When it comes to healthcare, it turns out that new does not necessarily mean better. According to the findings of a research, published in scientific journal The BMJ, more than half of the new drugs entering the German healthcare system have not shown any new benefit.
Dr Beate Wieseler and her colleagues at the German health technology assessment agency IQWiG (Institute for Quality and Efficiency in Health Care) say that international drug development processes and policies are responsible for this lapse and must be reformed.
For the study, IQWiG assessed 216 medicines that were launched in Germany between 2011 and 2017. Most of these were approved by the European Medicines Agency (EMA) for use throughout Europe. Their analysis found that only a quarter of the new drugs brought any significant benefits over the existing treatments. The rest had only minor or no benefits, or the impact of the medicine was unknown.
The study found that only 54 (25%) drugs were judged to have a considerable or major added benefit. While in 35 (16%), the added benefit was either minor or could not be quantified. For the other 125 (58%) drugs, the available evidence did not prove an added benefit over the standard care in the approved patient population.
More particularly, the researchers realised that the situation is more shocking in some specialties. For instance, in psychiatry/neurology and diabetes, added benefit was seen in just 6% and 17%, respectively, of assessments. Even in the drugs that did show significant benefit, most of the research could only apply to sub-groups. “For the overall patient population, the current output of drug development may thus be resulting in even less progress than our assessments suggest,” the study reports.
The study’s authors have said that some within the healthcare industry argue that limited information on a drug at the time of its approval is how things have always been done and it is simply the ‘price to be paid’ to provide patients with early access to new drugs.
However, to refute this claim, the researchers revisited a study on cancer drugs that were evaluated by EMA and was conducted between 2009 and 2013. The study had found that most drugs had been approved with little evidence of any benefits to cancer patients’ quality of life or survival chances. After following up on the cancer drugs’ success rates, researchers found that little had changed on the effectiveness of the drug.
The study also reports that drugs almost never undergo post-marketing studies after being initially approved and, even when a drug is found to be ineffective, regulators globally have failed to punish non-compliant manufacturers. “As a consequence, patients’ ability to make informed treatment decisions consonant with their preferences might be compromised, and any healthcare system hoping to call itself ‘patient centred’ is falling short of its ethical obligations,” says the study.

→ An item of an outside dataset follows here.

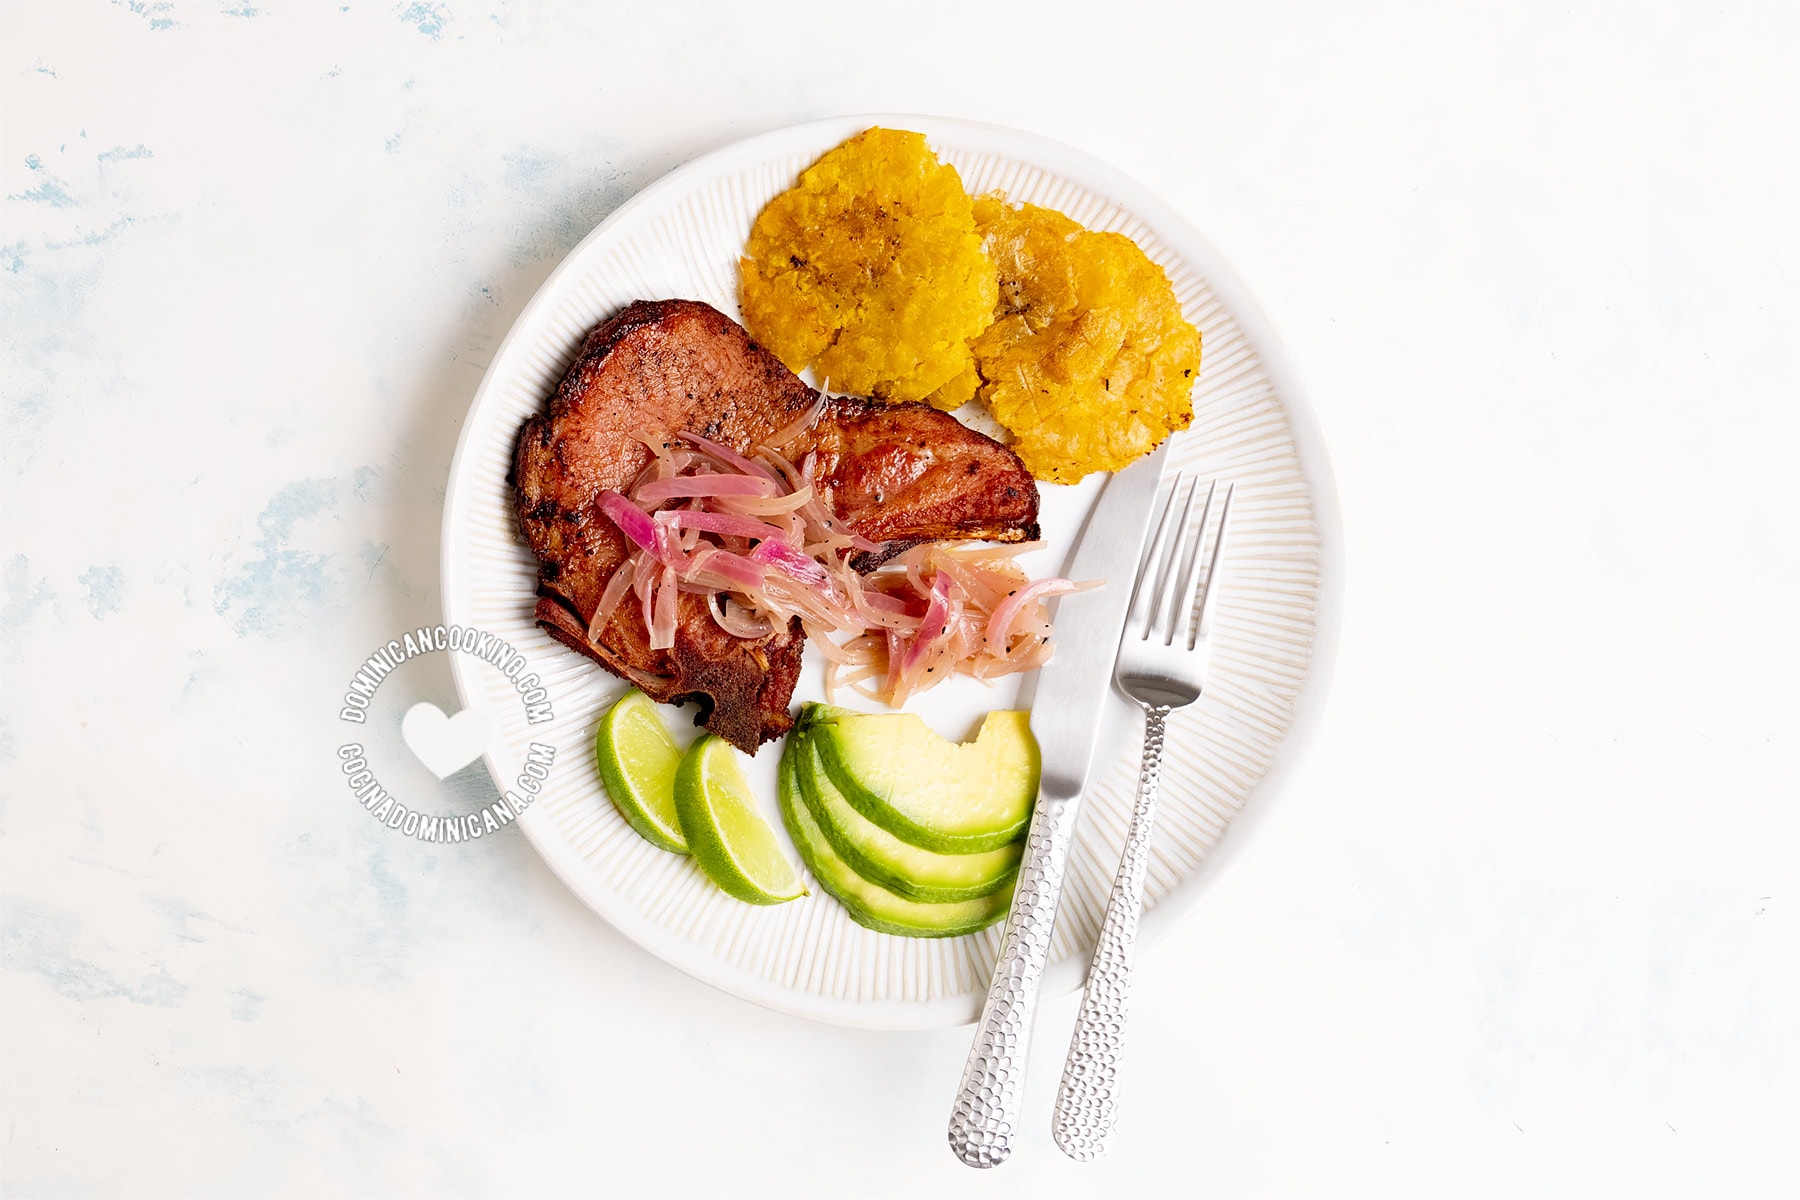 Chuletas Fritas (Dominican Fried Smoked Pork Chops) with Tostones and Avocado
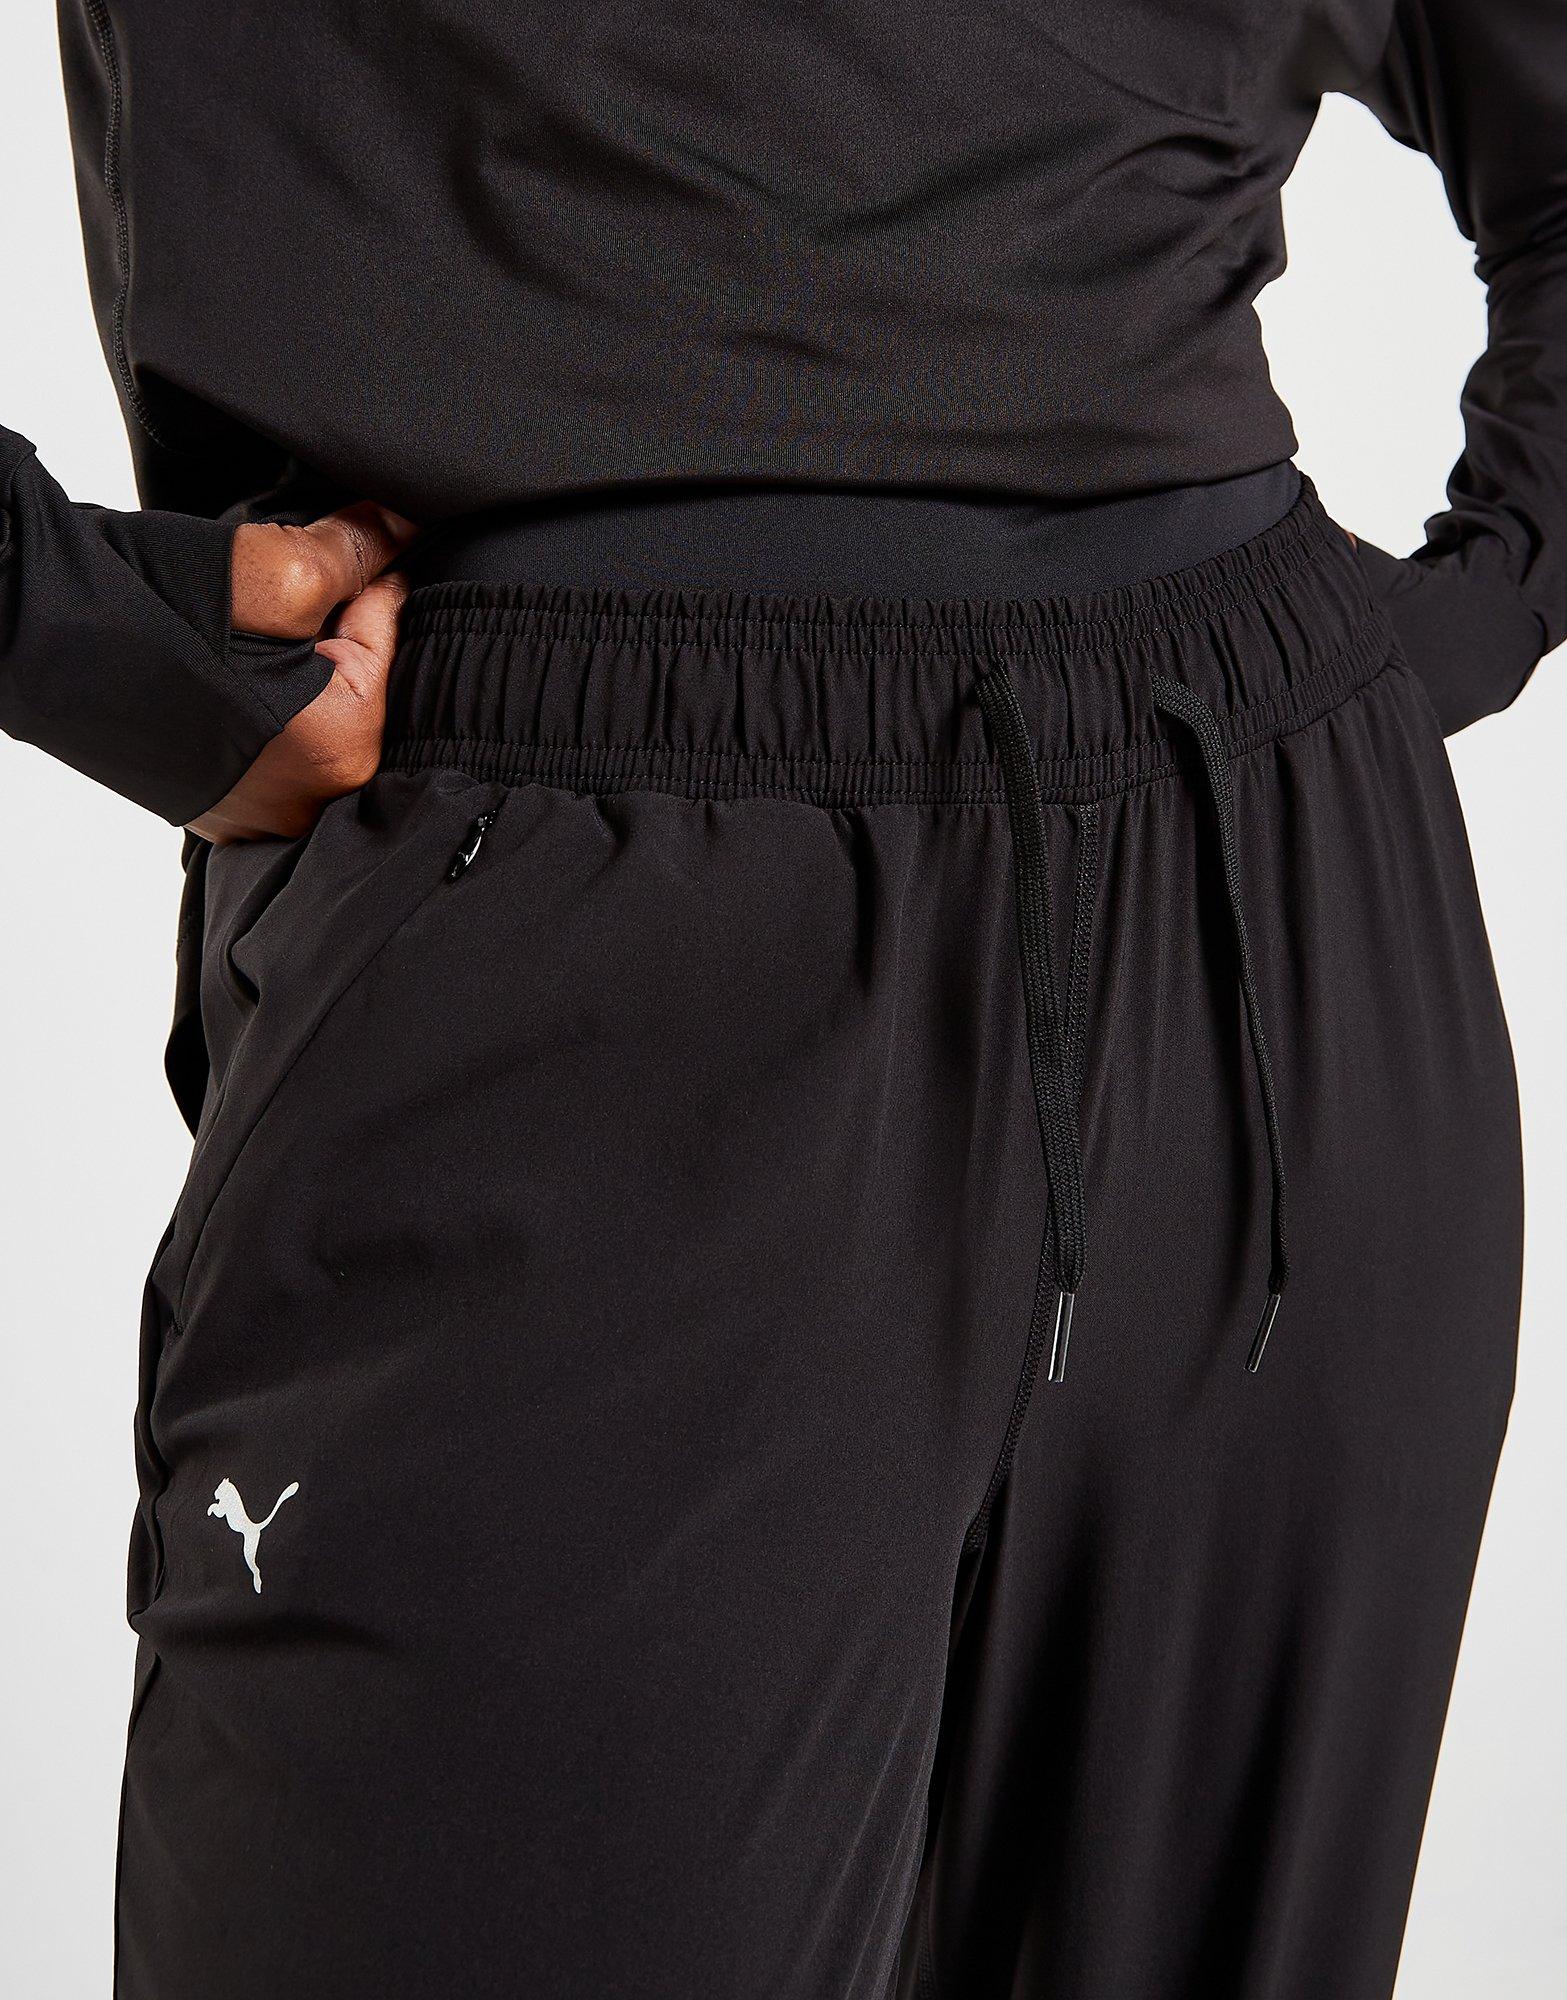 Puma Training modest activewear wide leg trousers in black

The study reaffirms that healthcare professionals and patients have the right to impartial and complete information on what is to be expected from a certain treatment, including information on the benefit of alternative treatments or no treatment. But this, as the study reports is not possible with the current information gaps.
Therefore, the authors have recommended a much stricter drug approval process that demands stronger evidence from long-term studies conducted on large, randomised control groups. Furthermore, ideally even after a drug is approved, research should continue to fill in any and all information gaps that may remain.
The study also recommends changing the way these drugs are priced and incentivised—vague and unclear results are being rewarded with monetary gain, when actual tangible results should be the only final outcome that produces profit.
In the longer term, health policy-makers need to take a more proactive approach, the authors suggest. “Rather than waiting for drug companies to decide what to develop, they could define the health system’s needs and implement to ensure the development of the treatments required.”